If you did not intend to make the 'a always temporary and bound to a single scope, then you should replace the temporary loan & with some other reference type like Arc or Box that can be used more freely.
Roughly speaking what happens is, some function uses uses y to create some new values/objects that are owned and stored in D. Then afterwards C and y may go out of scope, but D still has to be used. Because the code is intended to be very “generic”, it seems ideal if D can inherit its types directly from C.
In a type system sense. A<C<'a>> contains a <C<'a> as SomeTrait>::Sub. In a context where you cannot normalize the Sub to something without 'a, the type is only valid where C<'a> (and thus 'a) is valid. This is important not only because the actual type may not be valid beyond 'a, but because of other aspects of the type system, like the implication that Sub: 'a.
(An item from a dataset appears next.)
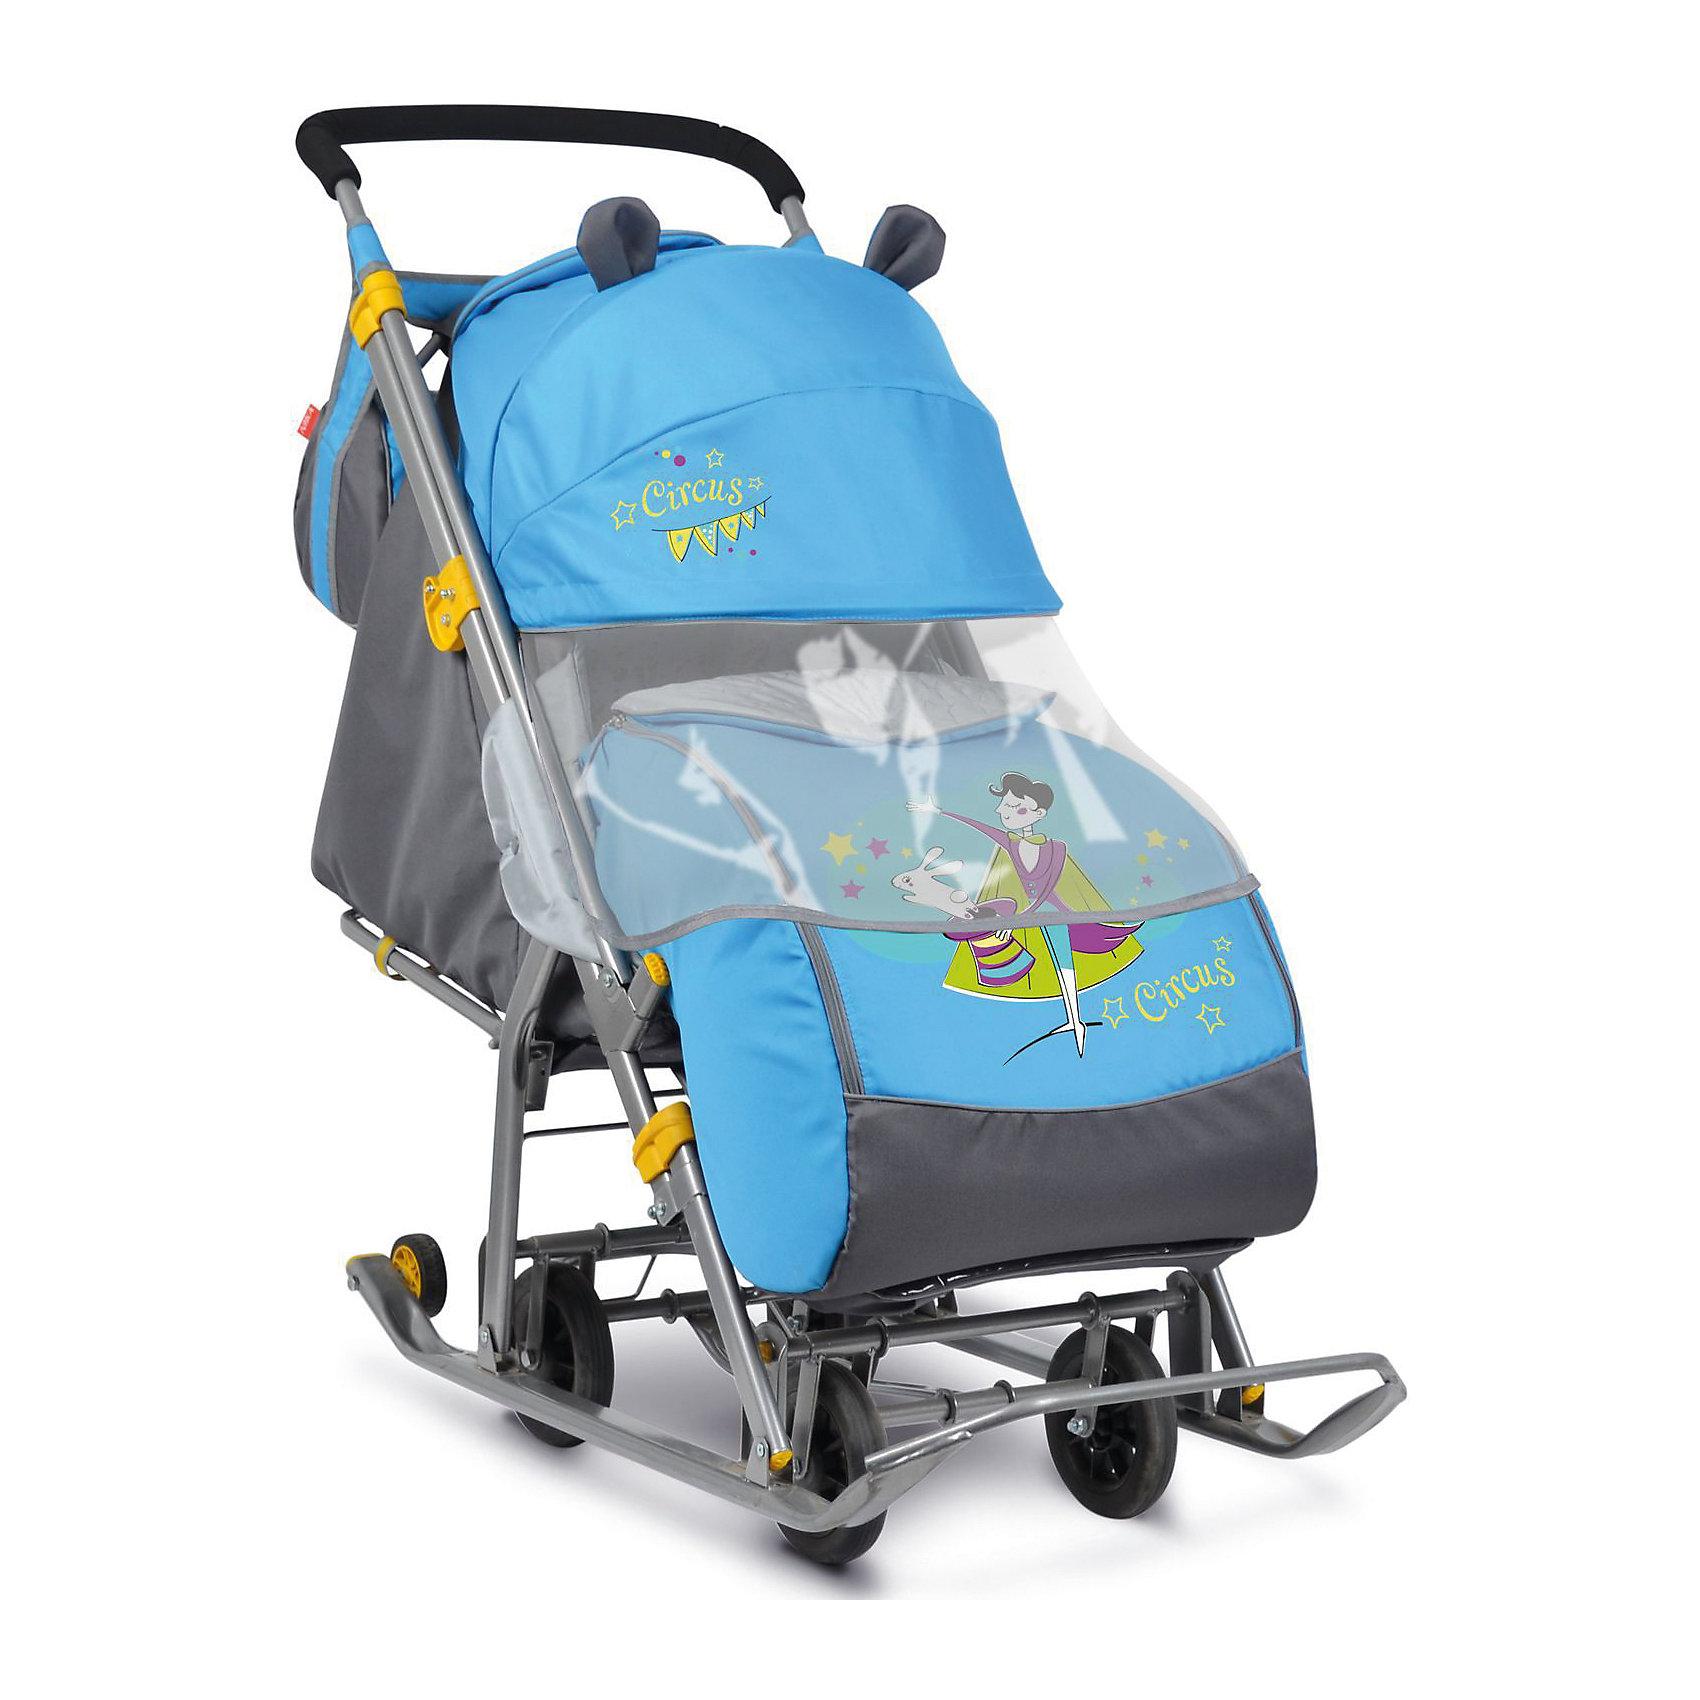 Санки-коляска Ника детям  7 (2017), Фокусник, синийС колесиками<br>Санки-коляска Ника детям  7 (2017), Фокусник, синий<br><br>Коляска комбинированная с трансформируемым кузовом позволяет передвигаться по любой дороге. Нажатием ноги на педаль опускаются колеса, и вы можете везти коляску по асфальту или по гладкому полу. Еще одно нажатие — коляска трансформируется в санки и снова скользить по снегу!<br><br>• механизм смены полозьев на колеса<br>• плоские полозья 40 мм с большими обрезиненными колесами<br>• пятиточечный ремень безопасности<br>• складной высокий трехсекционный козырек с декоративными ушками<br>• спинка регулируется до положения лежа<br>• подножка с регулируемым наклоном ног, позволяющая ребенку в положении лежа комфортно вытягивать ножки<br>• перекидная ручка<br>• чехол для ног с 2-мя молниями для удобного открывания с двух сторон<br>• широкое посадочное место 385 мм<br>• ширина полозьев 445 мм<br>• ширина колесной базы 280 мм<br>• высота санок на полозьях 1030 мм<br>• высота санок на колесах 1095 мм<br>• смотровое окошко для наблюдения за ребенком<br>• светоотражающий кант<br>• сумка с кармашками для полезных мелочей<br>• размер в сложенном положении 1105х445х280 мм<br>• вес изделия 10,8 кг<br><br>В моделях 2017 года - съемный прозрачный тент-дождевик для защиты от ветра и осадков<br><br>Санки-коляска Ника детям  7 (2017), Фокусник, синий, можно купить в нашем интернет-магазине.<br><br>Ширина мм: 1150<br>Глубина мм: 470<br>Высота мм: 460<br>Вес г: 11500<br>Цвет: синий<br>Возраст от месяцев: 12<br>Возраст до месяцев: 48<br>Пол: Мужской<br>Возраст: Детский<br>SKU: 7128829

Forgetting lifetime parameters or their relationships can make the type system unsound, even if there's not an actual direct borrowing violation.[1]
Can you produce an example where the presence of the lifetime is actually a problem for you? There may be ways to work around it (in addition to the suggestions already made by others).
This seemed interesting but as fast as I can tell this doesn’t seem work, defining D like that and using it later in a concrete context forces C to be ‘static as well, even though it’s essentially irrelevant. (Edit: Oops this might be for other reasons, see the code linked later in this thread.)
Let’s say a function takes in something of type &Z as an input. It constructs something of type C, then later uses that (through &Z perhaps) to construct an instance of type D which only has owned fields, and wants to outputs the last instance.
Is this concrete enough? Naturally to redefine things (as perhaps in the approach of derspiny?) will work, I was just wondering if I’m missing something.
Not really, I meant something like a playground giving an error. The scenario you describe probably works fine where the types such as C<'_> are known.
Here's some guesses at how you may be able to effectively get rid of the lifetime in various scenarios anyway.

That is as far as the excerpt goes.